FL Hybrid Eigendecomposition Beating cuSOLVER's Mathematical Purity with Compilable PyTorch

Community Article Published April 1, 2026

FL Hybrid Eigendecomposition

Faddeev-LeVerrier + Laguerre + Newton-Schulz + Rayleigh Quotient

A compilable eigendecomposition pipeline that wins 84/84 mathematical purity metrics against cuSOLVER across matrix sizes n=3-12, uses 40× less memory, and achieves zero graph breaks under torch.compile(fullgraph=True).

Part of the GeoLIP geometric deep learning ecosystem.

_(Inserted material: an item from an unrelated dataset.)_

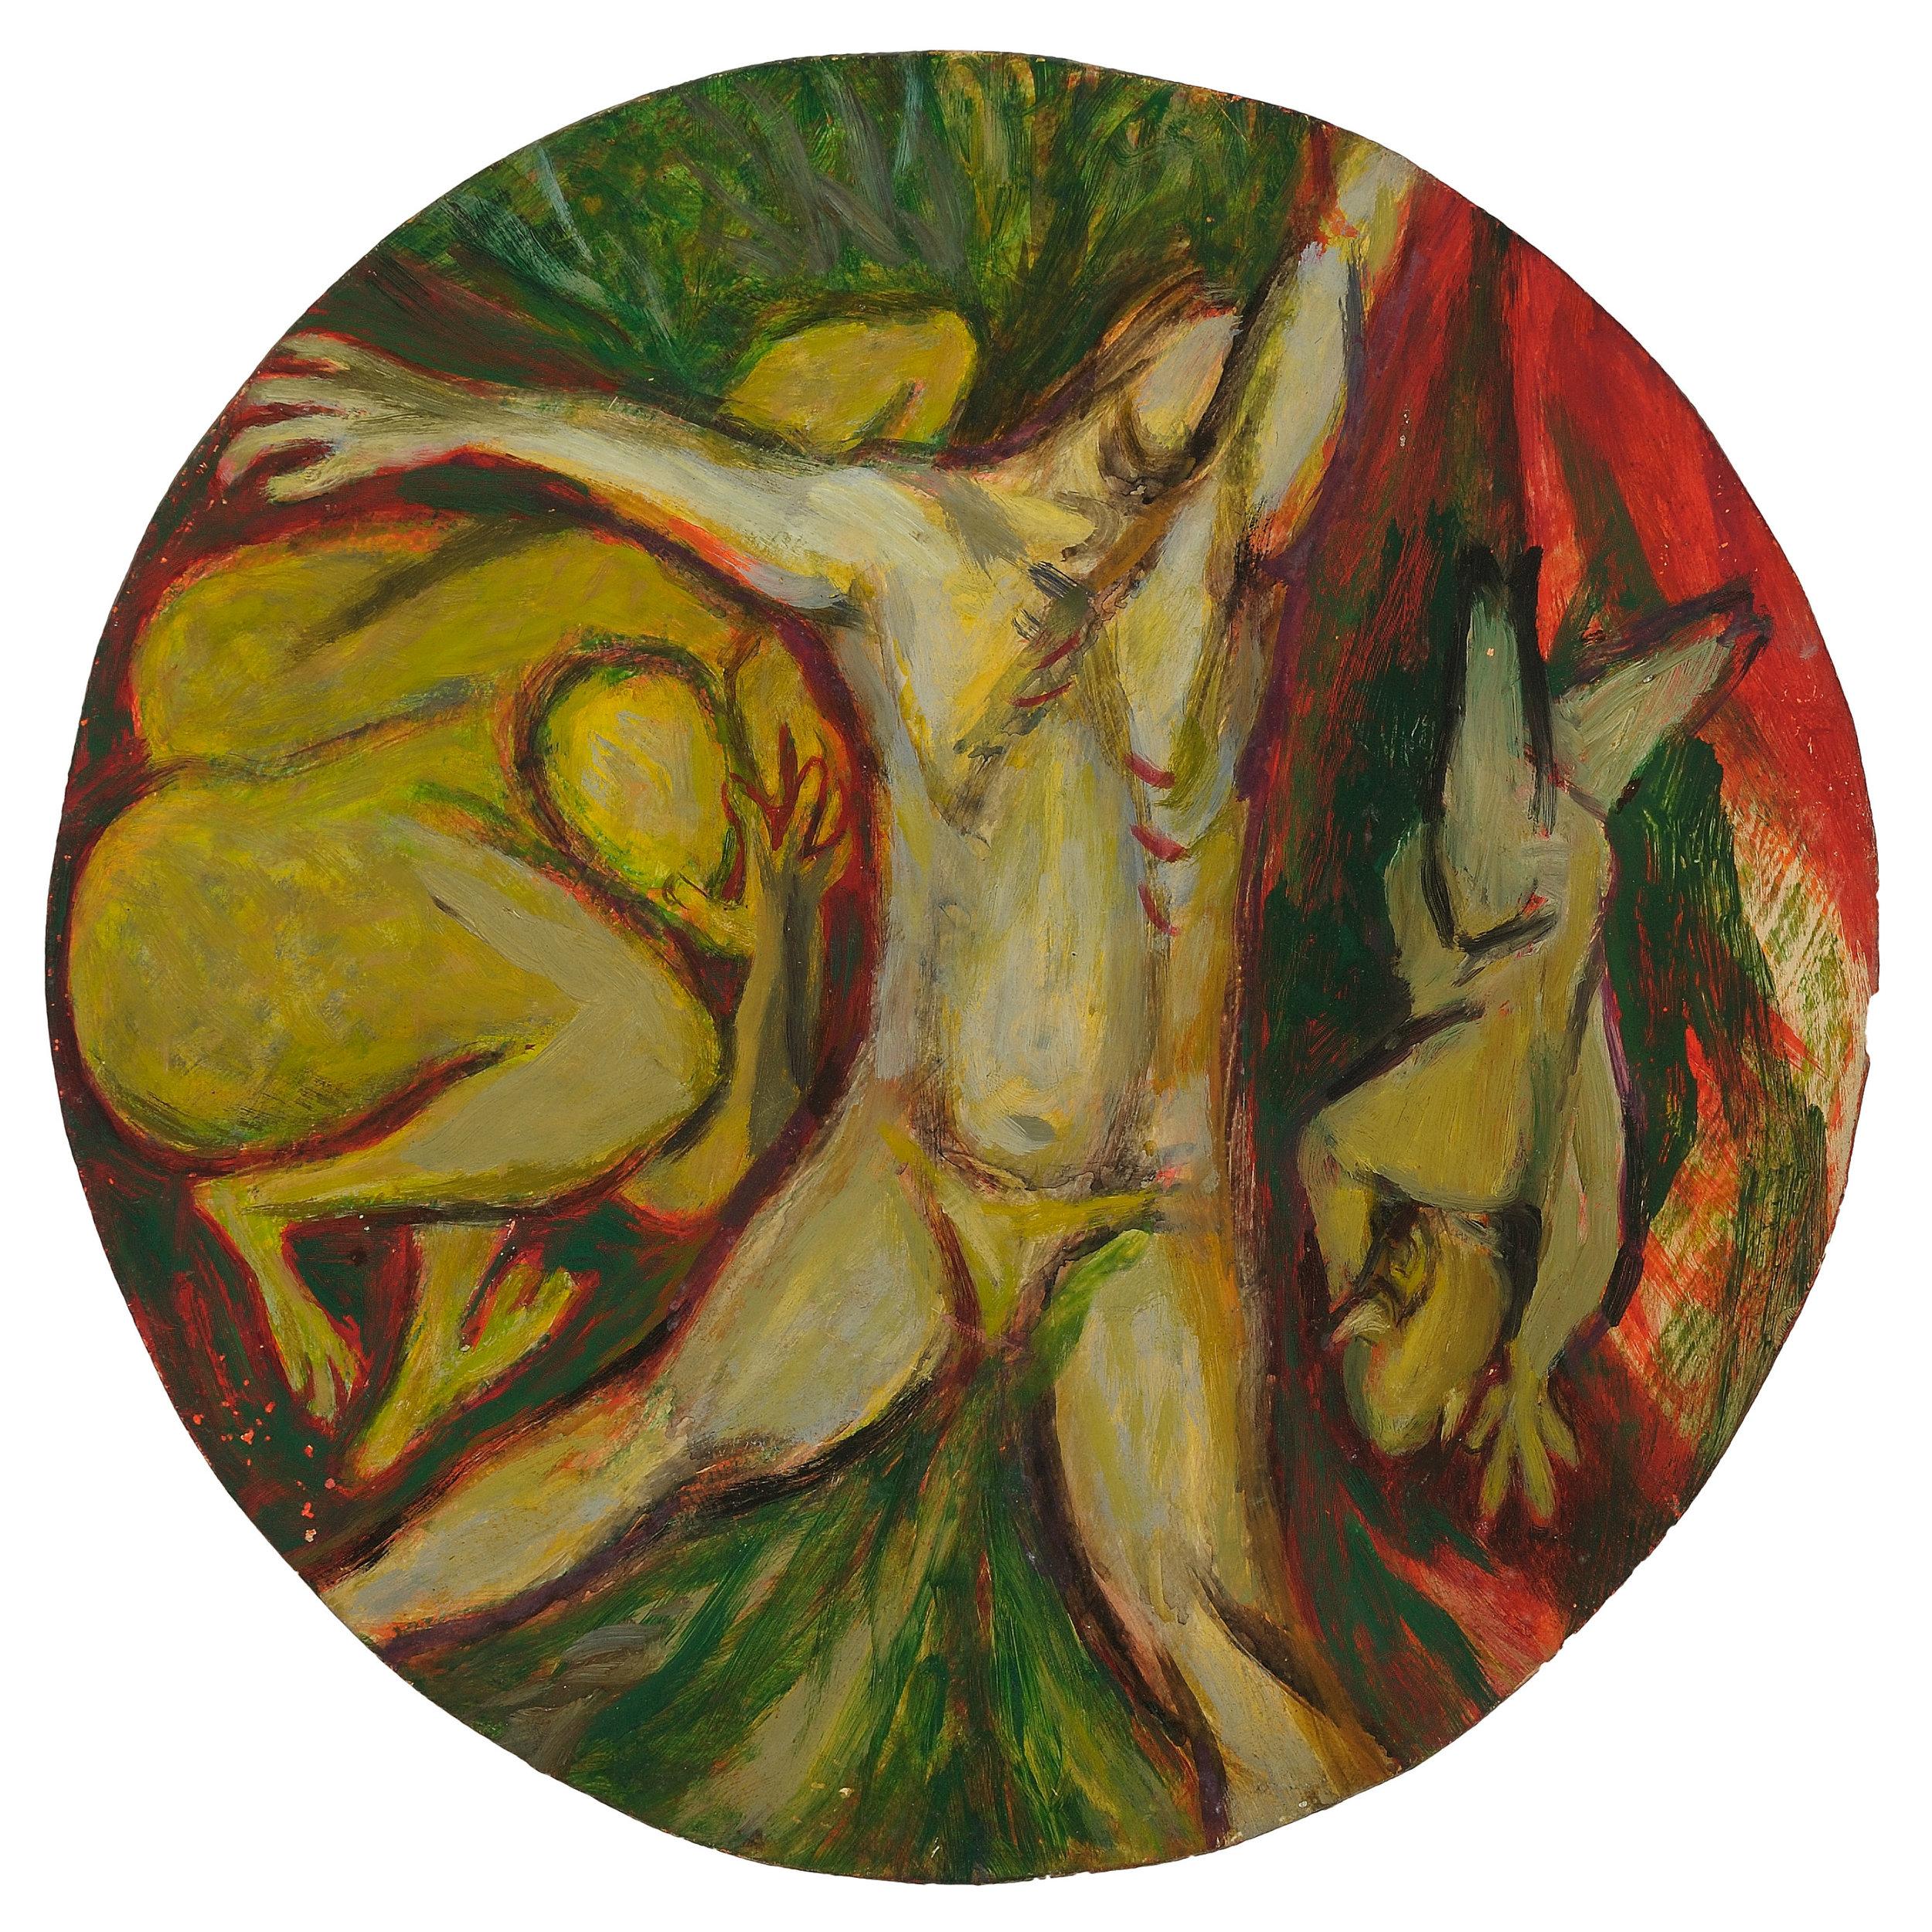 Irving Kriesberg,  Profane Love or the Fall of Man , 1946, oil on Masonite.
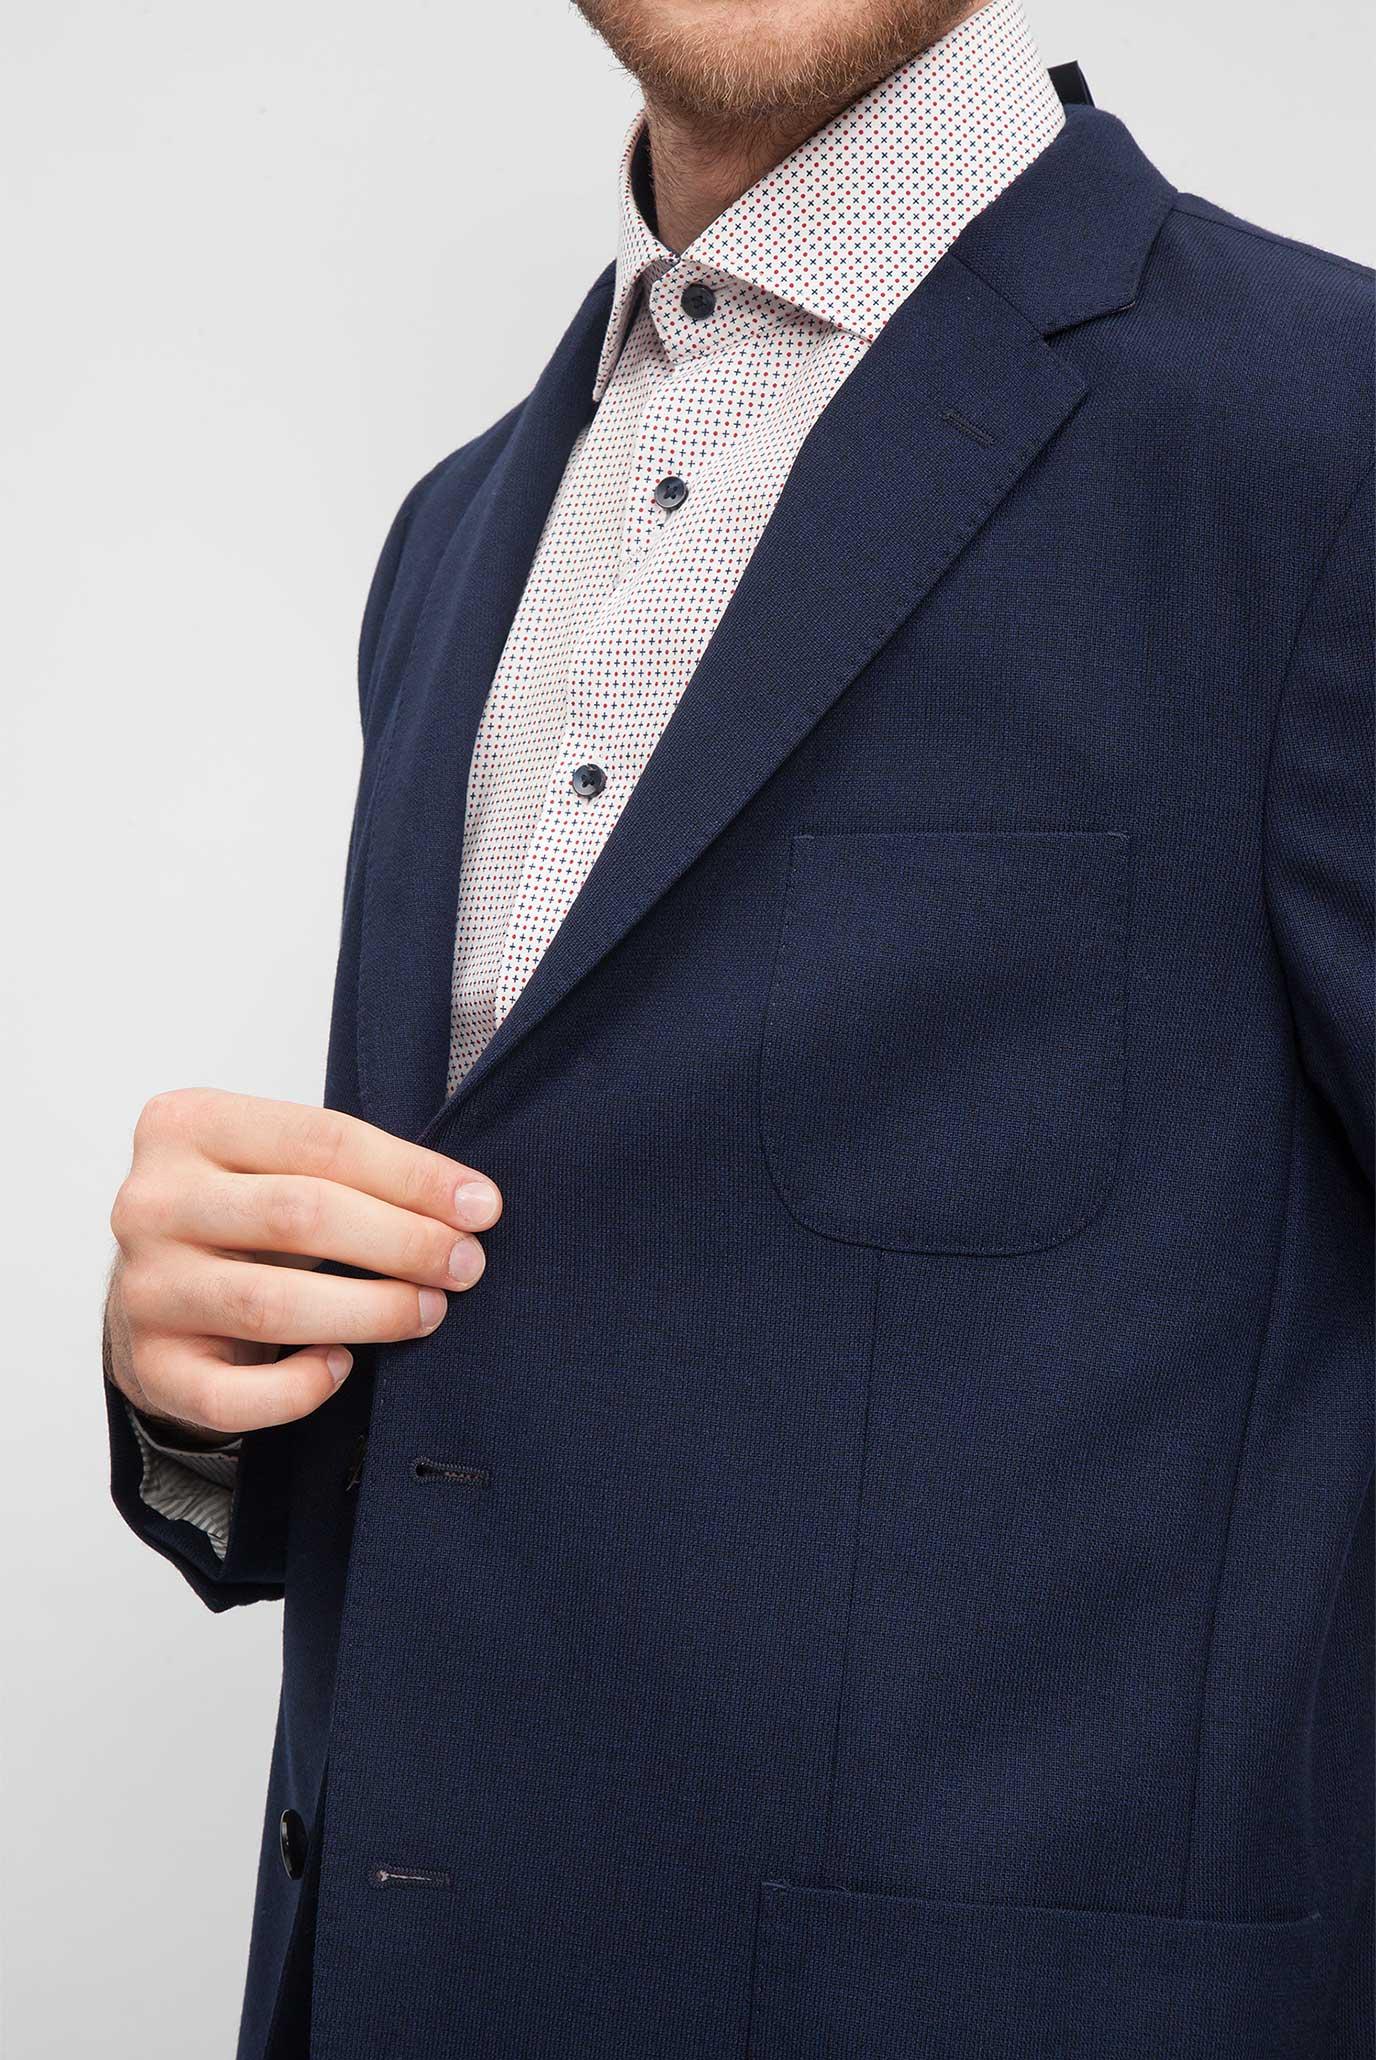 Купить Мужской синий блейзер Tommy Hilfiger Tommy Hilfiger TT0TT00031 – Киев, Украина. Цены в интернет магазине MD Fashion

Repository: AbstractEyes/geolip-core Related: geofractal · wide-compiler Date: April 1, 2026 Hardware: NVIDIA RTX PRO 6000 Blackwell Server Edition (95GB VRAM)


The Problem

torch.linalg.eigh calls cuSOLVER under the hood. cuSOLVER is fast, but it:

  • Breaks compilation: Introduces 2+ graph breaks per call under torch.compile, preventing full-graph optimization of training loops that include eigendecomposition
  • Consumes massive memory: 1,099 MB peak allocation at B=4096, n=6 — dominated by workspace buffers
  • Cannot be fused: Lives behind an opaque CUDA library call, invisible to the compiler's fusion passes

For GeoLIP's Cayley-Menger validated geometric transformer, eigendecomposition runs inside every forward pass on batched 5×5 and 6×6 pentachoron matrices. Graph breaks and memory pressure directly impact training throughput.

The Algorithm

The FL Hybrid pipeline replaces the opaque cuSOLVER call with five transparent, compilable phases:

Phase 1: Faddeev-LeVerrier Characteristic Polynomial

The Faddeev-LeVerrier recurrence computes the characteristic polynomial coefficients directly from the matrix:

Mk=AMk1+cnk+1I,cnk=tr(AMk)kM_k = A \cdot M_{k-1} + c_{n-k+1} I, \quad c_{n-k} = -\frac{\text{tr}(A \cdot M_k)}{k}

Starting from M₀ = 0, c[n] = 1. After n iterations of batched matrix multiplication, we have the monic characteristic polynomial p(λ) = λⁿ + c[n-1]λⁿ⁻¹ + ... + c[0] whose roots are the eigenvalues.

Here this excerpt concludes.